Кузя фыркнул и удалился.

Увлеченные делом, мы не сразу заметили подошедшего к нам Уточкина.

– Живо уберите свою игрушку и верните тележку на место, – строго сказал он. – Нашли забаву!

Из‑за спины Уточкина выглянула ехидная физиономия Кузи‑барабанщика:

– Ну что, съели, секретчики‑ракетчики?

Осмелев, Кузя вплотную подошел к тележке и что было сил рванул ее на себя.

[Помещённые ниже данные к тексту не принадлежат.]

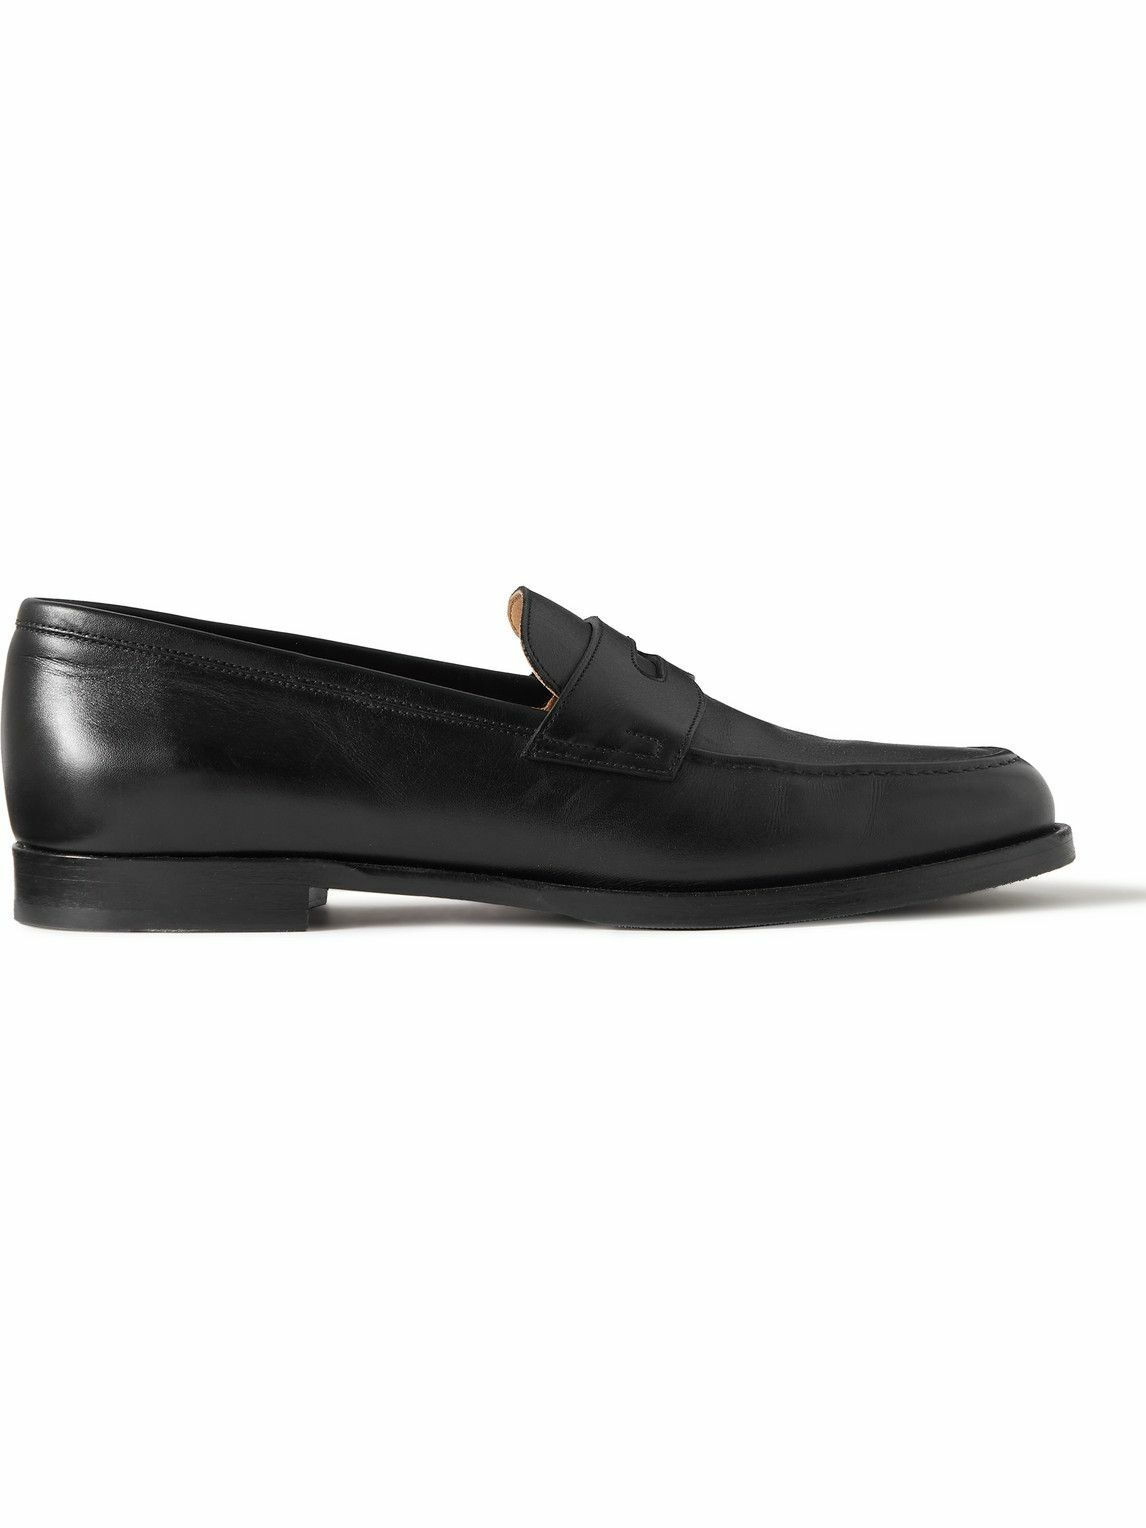 Photo: Dunhill - Audley Leather Penny Loafers - Black

Ракета скатилась на асфальт. Из нее посыпались серые карбидные камушки.

– Ай‑яй‑яй! – воскликнул Уточкин и подобрал карбид. – Плохое развлечение. Есть еще? Нету? Смотрите у меня!

Уточкин аккуратно завернул в бумажку Женькины сокровища и опустил сверток в карман.

– А теперь немедленно увозите тележку, – сказал он и ушел.

– Ах ты, предатель! – воскликнул Женька и двинулся на Кузю.

Но тот проворно отскочил в сторону и задал такого стрекача, что мы только рты поразевали: Кузя несся с быстротой антилопы.

Остановившись у входа в школу, он крикнул нам:

– Дураки!

И скрылся в помещении.

Женька нехотя потащил тележку к продуктовому магазину, а нам велел не спускать глаз со школы: Кузю, мол, надо подстеречь и всыпать ему как следует!

Оставшись на площадке, мы невольно стали присматриваться к тому, что здесь происходило.

Сейчас площадка напоминала муравейник. Непрерывно сюда подвозилось школьное имущество. Дюжие такелажники носили на широких брезентовых ремнях пианино и рояли. Родители таскали столы, шкафы и классные доски, но не обычные, а с красными нотными линеечками.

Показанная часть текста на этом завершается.